The stability of our patient's thrombus is very likely attributable to the full therapeutic heparinization administered upon DVT diagnosis, the efficacy of which has been proven on many occasions. A study of DVT outcomes by Gillet et al showed no VTE extension or recurrence within the therapeutic anticoagulation period of 1 month, and also within the subsequent 2 months [13]. Schwarz et al demonstrated a DVT propagation rate of 0% (i.e. despite a recurrence rate of 1.9% at 3 weeks) with therapeutic heparinization and compression therapy for 10 days, versus a 25% rate of DVT progression with compression alone (P = 0.0002) [14]. In support of this, Lautz's study showed a VTE recurrence rate of 30% in patients receiving no anticoagulation, 27% in those receiving only prophylactic anticoagulation, and 12% in those receiving therapeutic anticoagulation (P = 0.0003). Together with a previous history of VTE, lack of therapeutic anticoagulation was shown to be an independent predictor of VTE recurrence. Even during follow-up, therapeutic anticoagulation resulted in a DVT resolution rate of 61.2%, compared to 40.0% for prophylactic anticoagulation and 41.0% for no anticoagulation (P = 0.003) [12]. Considering our patient's thrombophlebitic presentation, his initiation upon prophylactic LMWH may have been an oversight of the admitting medical team. Nonetheless, the degree to which he would have benefited from therapeutic heparinization during the first three days of admission remains unknown.
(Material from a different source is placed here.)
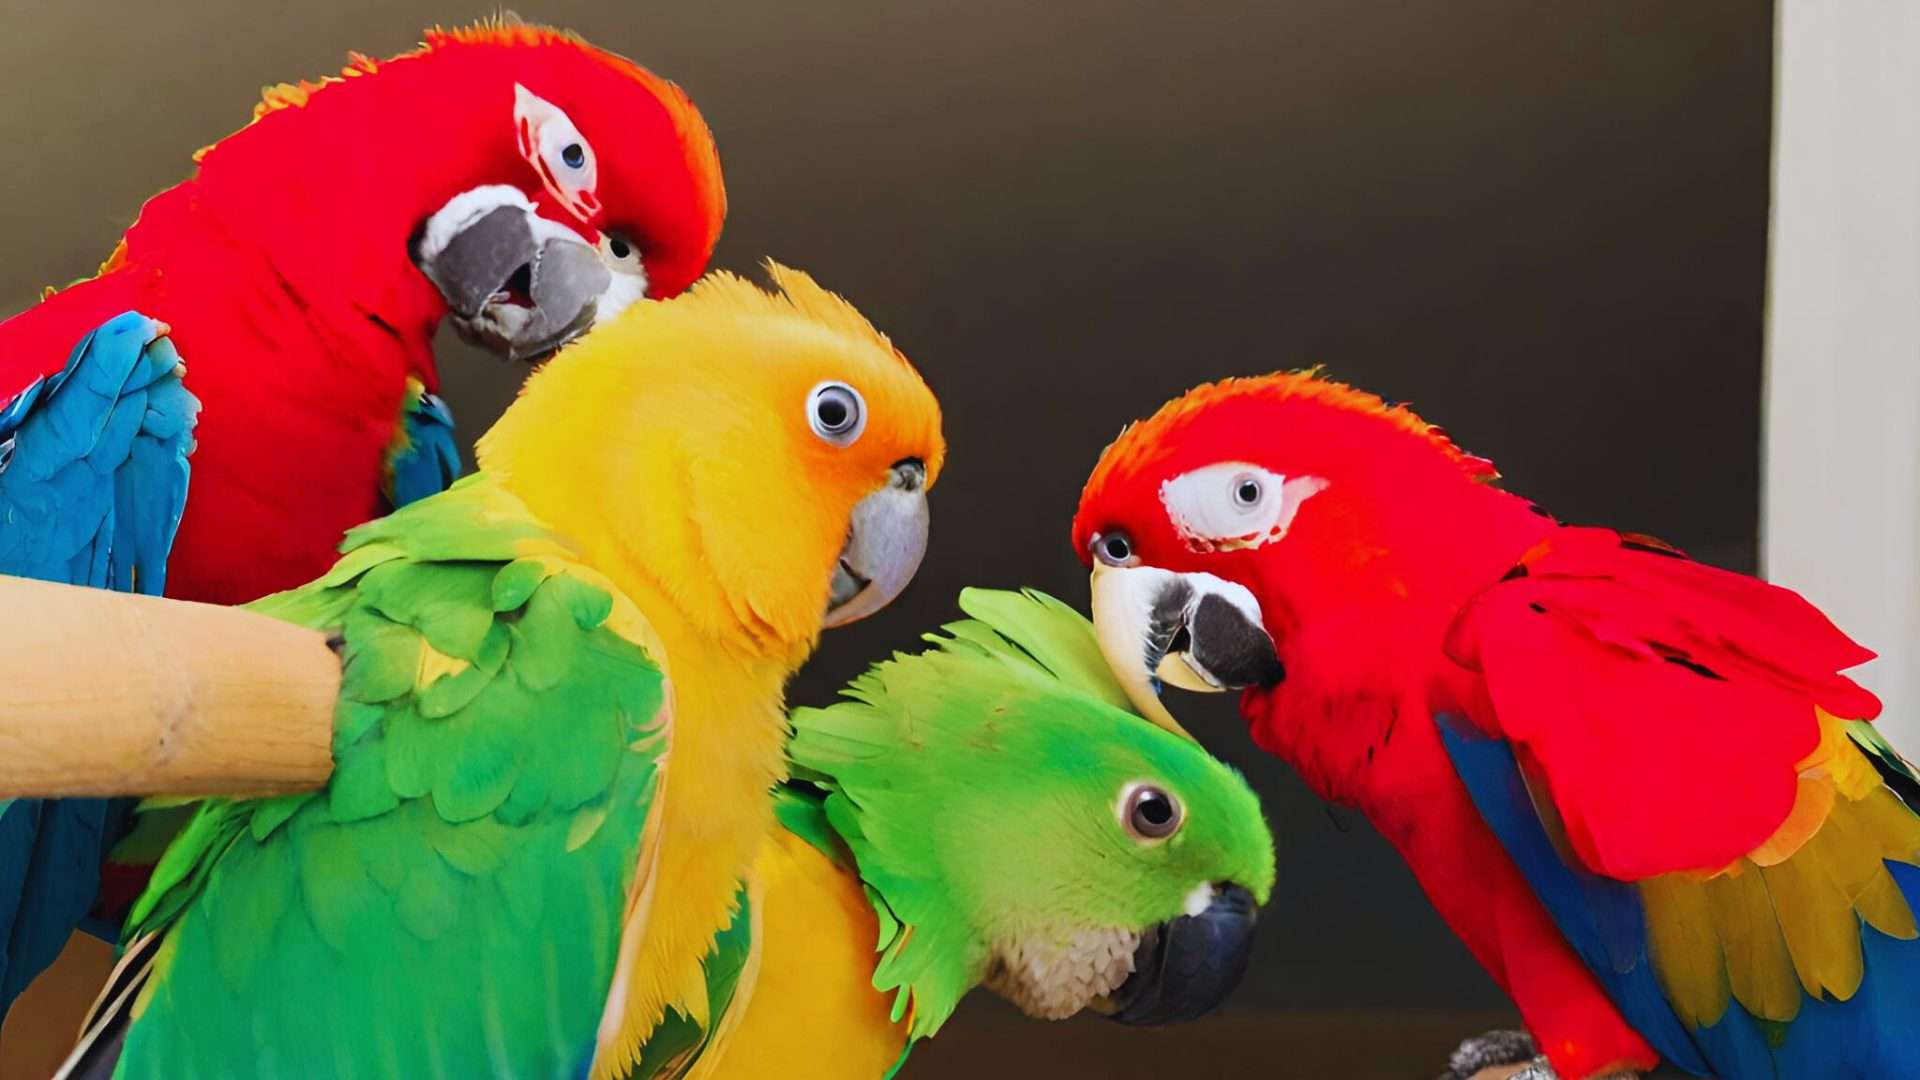 Can Parrots Understand Their Own Speech?

In conclusion, this case provides new evidence for the presentation of superficial thrombophlebitis in early gastric carcinoma and the potential for curative surgery in such instances. A high index of suspicion and a prompt diagnostic workup are essential for timely planning and execution of surgery in these early albeit rare presentations. For resectable malignancy associated with DVT extending up to the IVC, we support a conservative approach (i.e. therapeutic heparinization) until surgery, provided that surveillance can demonstrate adequate clot stabilization over two weeks. Invariably, if DVT occurs on a suspected background of malignancy, therapeutic-dose heparin should be used as the sole means of anticoagulation until the need for surgery is excluded (or surgery is performed), before warfarin is commenced.

Consent

Written informed consent was obtained from the patient for publication of this case report and any accompanying images. A copy of the written consent is available for review by the Editor-in-Chief of this journal.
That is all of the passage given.